I am aware of proof of divisibility of binomial coefficients of a prime $p$. I've seen it is easy to show that when $0<k<p$ $$\binom{p}{k}\equiv 0 \mod p$$
Can there be anything stronger. Suppose I have an integer $n=pq$. Can we prove that $p|\binom{pq}{k}$. I feel like this is an impossibility since, looking at a case like $n=15$, $3|\binom{15}{4}$, but $3\not|\binom{15}{3}$. $5|\binom{15}{3}$ but $5\not|\binom{15}{5}$. Yet there ARE binomial coefficients where that 15 divide evenly.
Is there a way to determine which coefficients will successfully be divided by $n$ and which will be divisible by $p$ or $q$? And are there stronger divisibility laws for powers of a prime?
If $n = pq$, then $p$ divides $\left( \begin{array}{c} n \\ k \end{array} \right)$ if $p$ does not divide $k$, and sometimes in some other special cases. For example $3$ divides $\left( \begin{array}{c} 12 \\ 6 \end{array} \right)$.

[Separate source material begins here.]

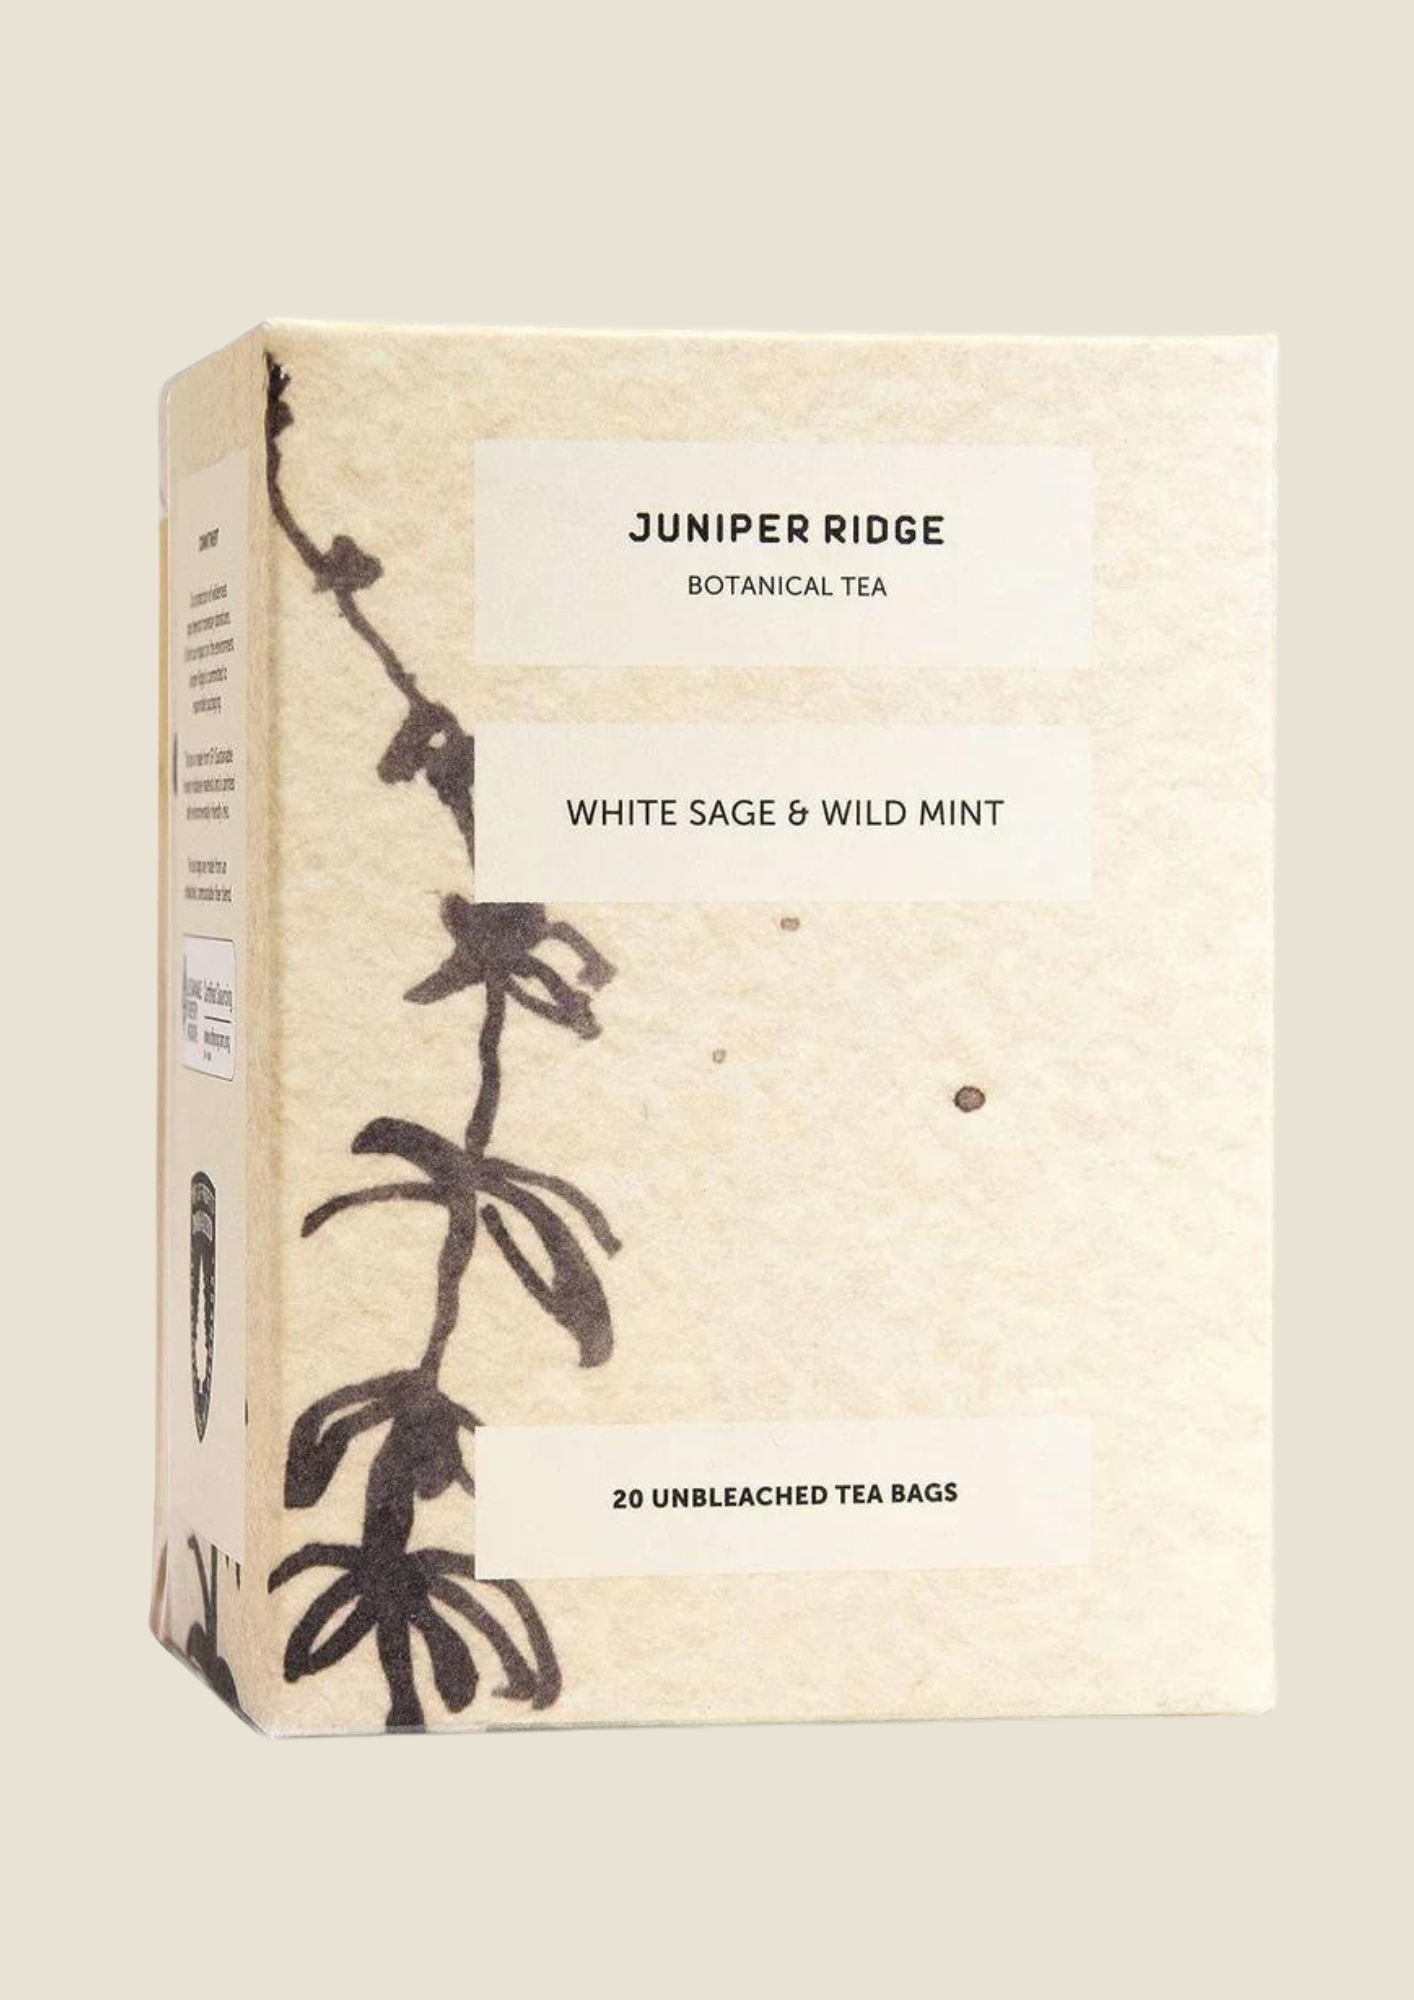 White Sage & Wild Mint Botanical Tea

The full answer: write the base $p$ expansions of $n$ and $k$:
\begin{align*} n & = n_mp^m + \cdots + n_1p^1 + n_0 \\ k & = k_mp^m + \cdots + k_1p^1 + k_0 \\ \end{align*}
Then $p$ divides $\left( \begin{array}{c} n \\ k \end{array} \right)$ if and only if there exists some index $i$ with $k_i > n_i$. This follows from Lucas' Theorem. In particular, since $p$ divides $n$, $n_0 = 0$, and so $p$ will always divide $\left( \begin{array}{c} n \\ k \end{array} \right)$ as long as $p$ does not divide $k$.